Pedder v. Commissioner

*13OPINION.

Matthews:

The petitioner contends that the joint bank account was a joint tenancy; that the property purchased with funds drawn by him from such account is held in joint tenancy, even though title to the property was taken solely in his name; and that the income from such property is their joint income.

'Respondent contends that the property in question is community property and that the income derived therefrom is taxable to the petitioner.

Under the presumption which arises by virtue of section 164 of the Civil Code of California, all property acquired after marriage by either husband or wife or both (except that acquired as separate property) is community property. This presumption can be overcome, however, by evidence which establishes that the property is held as joint tenants.

The essentials of a joint tenancy are unity of title, unity of interest, unity of time, and unity of possession. (33 Corpus Juris, 907.) Section 683 of the Civil Code of California defines a joint interest as one owned by several persons in equal shares by a title created by a single will or transfer, when expressly declared in the will or transfer to be a joint tenancy. This provision, in so far as it applies to personal property, was construed in In re Harris’ Estate, 169 Cal. 725; 148 Pac. 967. It was there held that personal property may be held in joint tenancy and, in the absence of any code provision requiring the execution of a writing to transfer personal property, a joint tenancy may be created by an oral agreement by which title thereto is transferred to two persons as joint tenants. In the Harris case, the husband and wife in the early years of their marriage, had entered into an oral agreement that all property acquired by them after marriage would be held as joint tenants. The court held that the personal property acquired after marriage was held in joint tenancy under such agreement. In California, therefore, personal property may be held in joint tenancy when acquired under an oral agreement expressly declaring that such property will be held in joint tenancy.

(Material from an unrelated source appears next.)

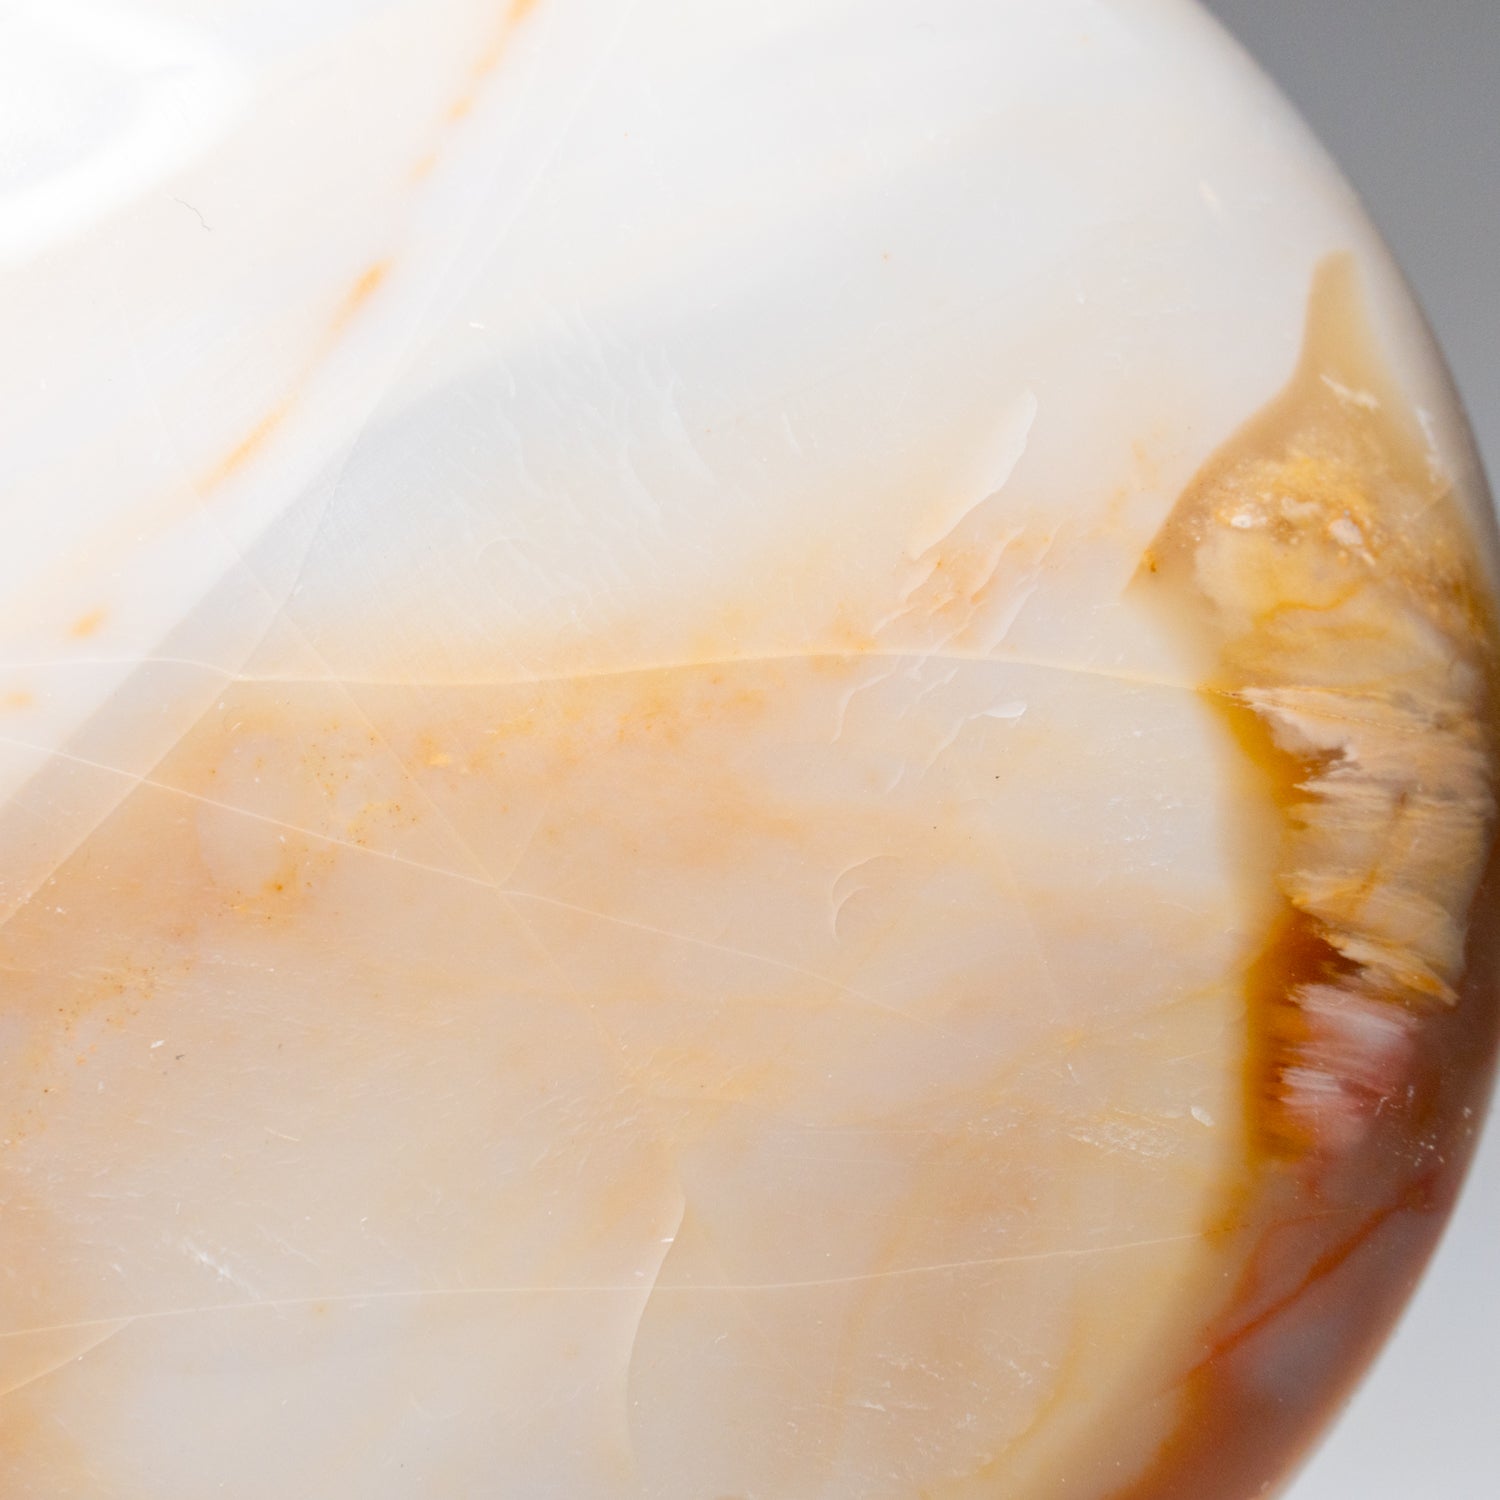 Genuine Polished Polychrome Jasper Heart from Madagascar (424.4 grams)

There was no such agreement in this case, either as to the property from which the income in controversy was derived, or as to the *14deposits in the joint account, but petitioner claims that as the origin of the funds which were used for the purchase of the property in question was funds held in joint tenancy, the joint tenant in whose name the property was taken was charged with a trust in favor of the other joint tenant, which trust was actually carried out and observed by turning back to the joint funds all income received from such investments and all of the proceeds of the investments disposed of.

Each party to a joint bank account subject to the check of either, whether such joint account is held in joint tenancy or not, has a right to check on such account and consequently to use the amount drawn in any way he chooses. The petitioner exercised his right to check on the account and to use the money as he saw fit by purchasing personal property and taking the title in his own name. Such property was in the petitioner’s possession and he received the income from it. Not one of the unities which must exist in order to have a joint tenancy was present. The depositing of the income from such property in the joint account, and the crediting of one-half to his wife on his books, do not evidence the existence of such unities.

The petitioner has failed to show that the property in question was held as joint tenants. The income from the property is taxable to the husband. United States v. Robbins, 269 U. S. 315; Lucas v. Earl, 281 U. S. 111; and Corliss v. Bowers, 281 U. S. 376.

Judgment will be entered for the respondent.